Исхудавшая рука, мёртвенно белая, движется с усилием. Дрожь сотрясает её.
Перо выпало.
Меншиков ринулся вперёд, хотя читать быстро не умеет. Ломкие, веером разбежавшиеся строки. Он задыхался. Кто-то выхватил листок.
«Отдайте всё…»
Только это и удалось понять. Кому, кому отдаёт? Спросить по-прежнему боязно, да и будет ли толк? Осмелилась царевна Анна. В духоте «конторки», в дурмане лекарств, копоти светильников, лампад звенели её мольбы, обращённые то к родителю, то к иконе. Слышит ли он? Через короткое время, отвечая дочери или некоему видению, молвил отчётливо:
— После…
Отрешённо умолк. Заснул? Что — после? Вспышка надежды… Досказать обещал? Встать с одра болезни? Царевны, Екатерина, вельможи долго стояли в оцепенении.
Минула ещё одна ночь — последняя ночь Петра. Он не кричал больше, погружался в покой. Люди, придавленные наступившей тишиной, не отходили. В шестом часу утра он перестал дышать.
Эпоха Петра кончилась.
Застывшее лицо на подушке, словно чужое… Страшная непохожесть ошеломила Меншикова. Горенье Петра, неустанное его поспешанье отлетели — с душой его… Умер тот, кто, мнилось, неподвластен смерти. Из всех смертных…
Екатерина рыдала, князь просил Всевышнего взять и его. Забыл огорченья, шептал слёзно… Царица обхватила за плечи, повисла.

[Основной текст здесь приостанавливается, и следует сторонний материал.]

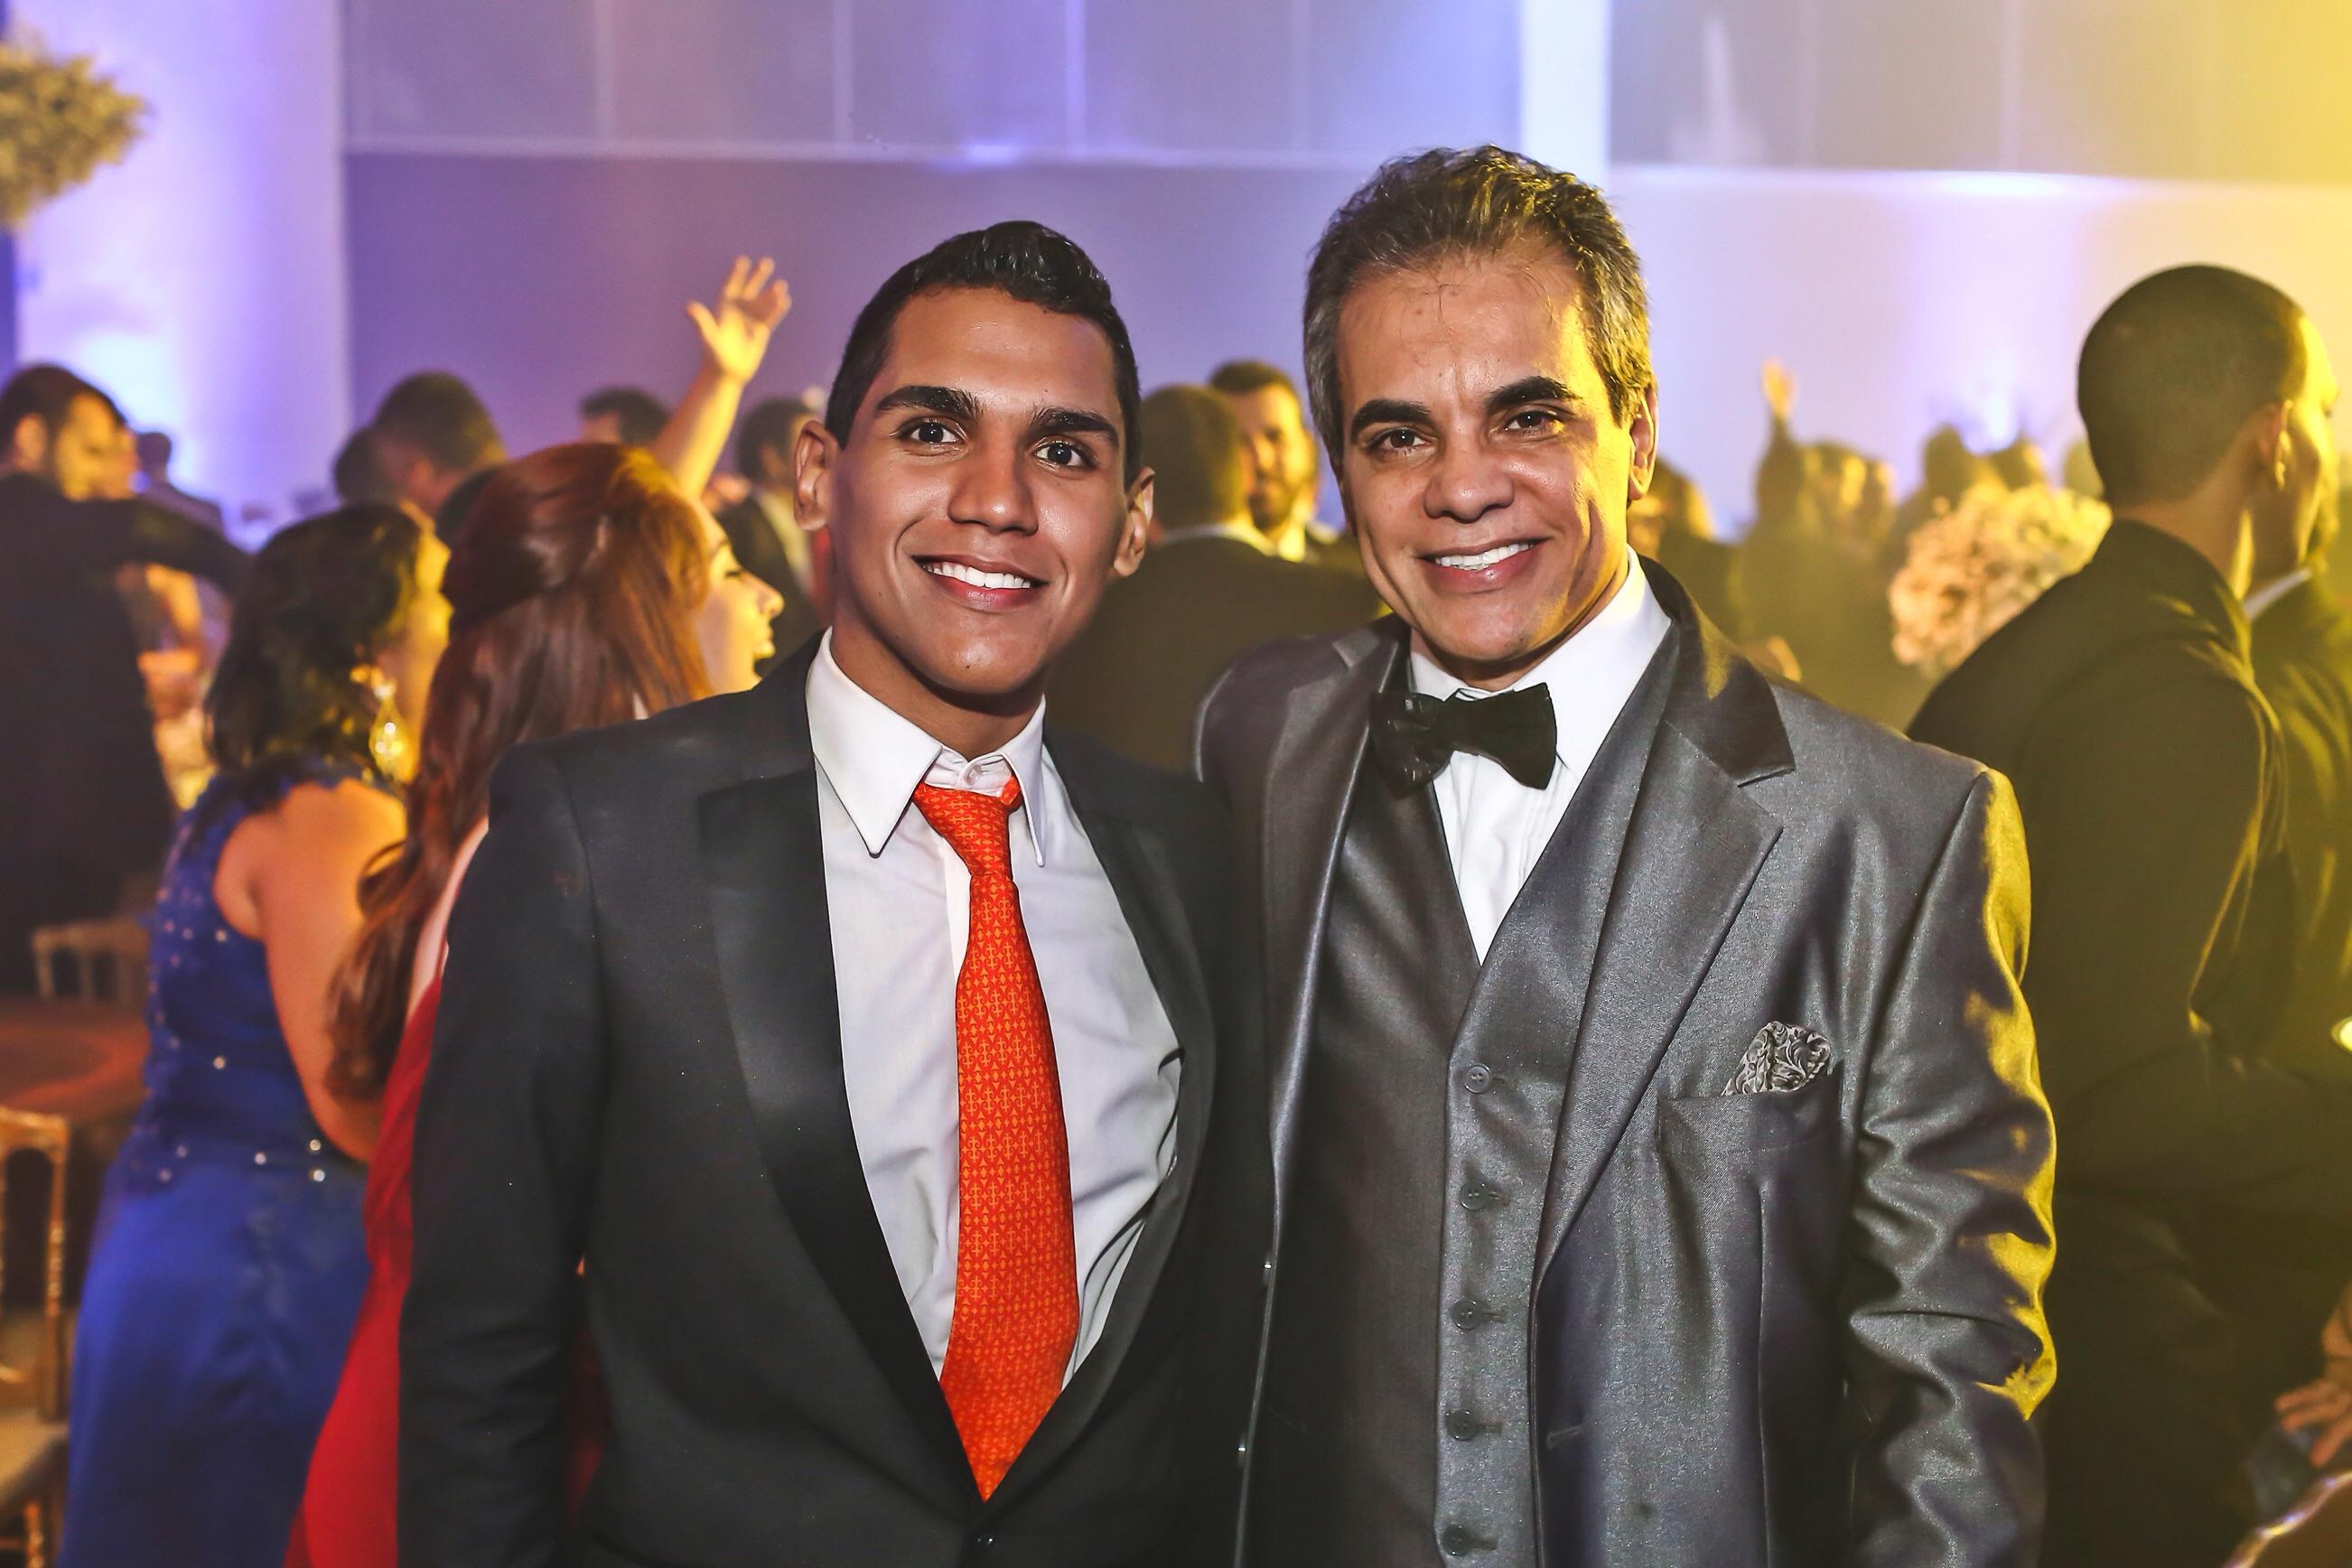 Leonardo Oliveira, Diretor de criação e Luciano Dores, Presidente da Grupo Canal 2, recebem convidados em noite festiva. Foto: Robson Nascimento/Divulgação

— Нам конец, Александр, конец…
Усопший повелевал действовать, но не было сил. Пускай конец… Одинок теперь…
Ату его, пирожника!
Привольно было мальчишке, таскавшему лоток со снедью. Вознёс царь и вот — покинул. Сейчас не лоток — петля маячит. Бутурлин обманет, сам боярского корня. Всяк человек ложь, — говорил государь.
Феофилакт дочитал отходную, ушёл в залу. Там собрались вельможи, шумят… Свою волю почуяли.
Пламя свечей колыхалось, и лёгкое веяние коснулось щеки. Витает душа его… Лик Петра суров в набегающих тенях. Вспомнилось: «Ей служи!» Померещилось? Нет — вроде внятно сказал… Плач царицы несносен. Князь двинулся с места, налил ей капель, заставил выпить.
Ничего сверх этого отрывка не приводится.